There are plenty of paid writing opportunities to immediately launch your summer side hustle. If you have a bit of an entrepreneurial spirit and prefer to strike out on your own, leverage existing connections on LinkedIn or turn to social media to find work.
However you choose to earn as a freelance writer, you can claim work whenever you’re ready, whether it’s all summer long or in between classes.
2. English Language Tutor
In the summertime, there’s not usually a high demand for academic tutors. However, there’s a year-round need for English language tutors. As an English language tutor, you help non-English speaking adults and children from around the world brush up on their conversational English speaking skills.
Prior tutoring experience isn’t always required, but having a firm grasp of the English language is vital. When you sign up with companies, like Cambly, you can work on-demand whenever you have free time or schedule tutoring sessions as your schedule permits. This allows you to regularly work during the summer break and slow down some once school is back in session.
3. Set Up Shop on Fiverr
What’s great about marketplace sites, like Fiverr, is that anyone, even busy college students, can set up a side hustle that can be tailored to their existing schedules. Fiverr allows you to sell gigs on a per-project basis.

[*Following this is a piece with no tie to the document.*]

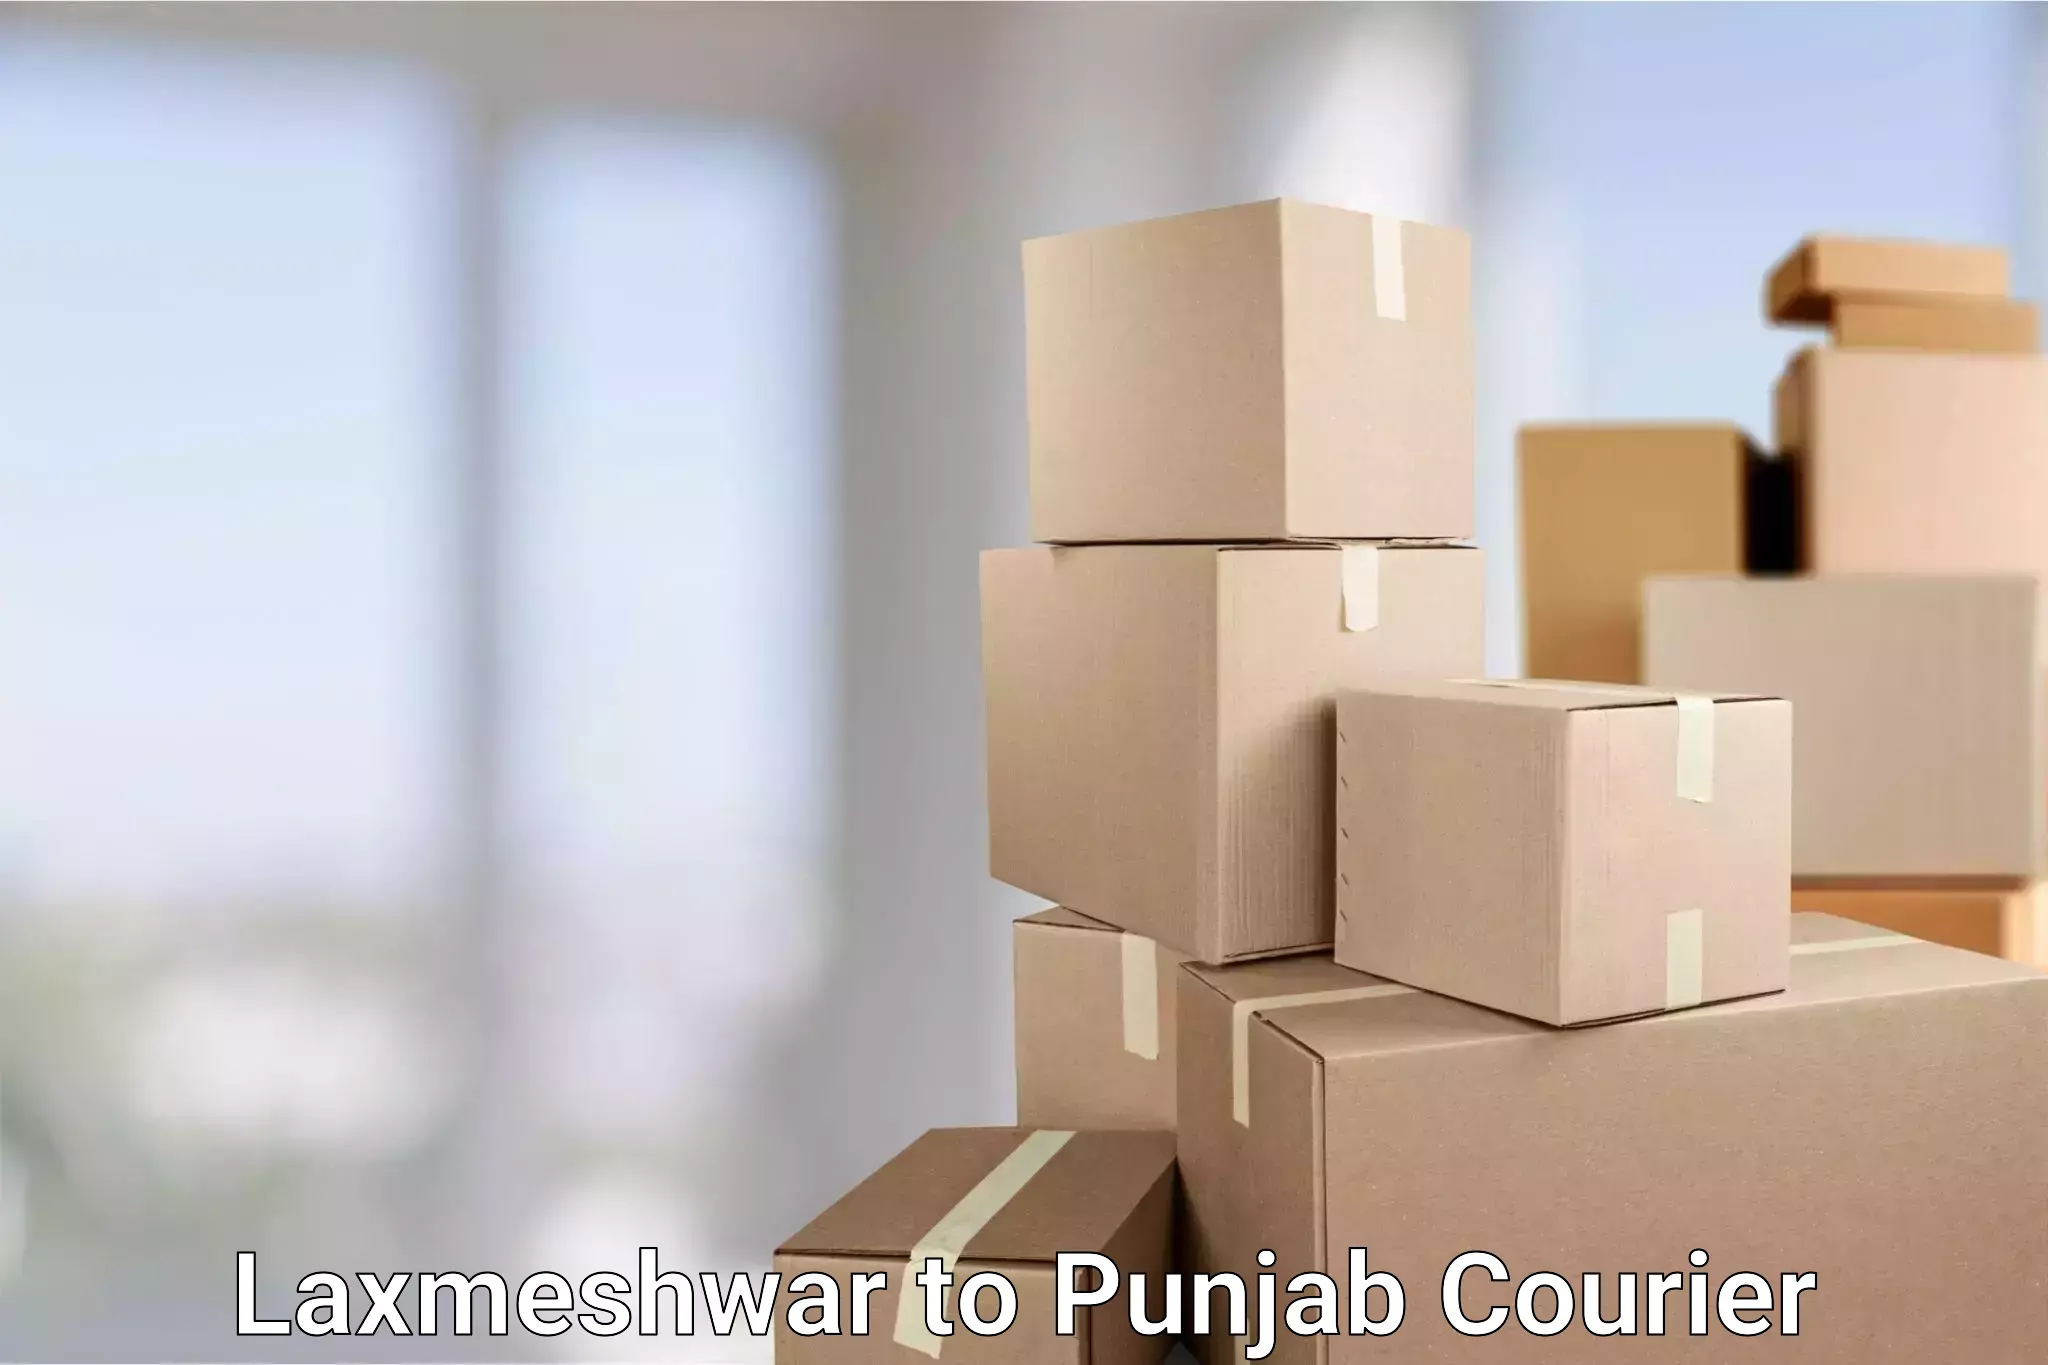 Efficient parcel transport Laxmeshwar to Punjab

Although gigs start at $5, they can go as high as $500 with various add-ons.
For example, you could offer to proofread up to 100 words of writing for $5 and sell add-ons like 24-hour turnaround times, additional word counts, and editing services in $5 increments. Suddenly, a $5 job turns into a $50 gig.
As with the other side hustles on this list, you can accept as much work as your schedule permits, giving you a chance to make money whenever you want. During your summer break, you can actively promote your Fiverr shop and take on more orders and just as easily cut back your availability in the fall – it’s up to you how much you want to work (and earn!).
4. Usability Tester
An easy (and fun) summer-to-semester side hustle to consider is usability testing. As a user tester, you visit websites or use an app while providing honest feedback. This means speaking your thoughts out loud while navigating a set of tasks. That’s it. On average, each test you complete will pay between $8-$10 and should take just 10-15 minutes to complete.
Tip: To increase your earning power in the summer, sign up with multiple user testing companies. Doing so increases your odds of landing enough tasks to make your summer money goals.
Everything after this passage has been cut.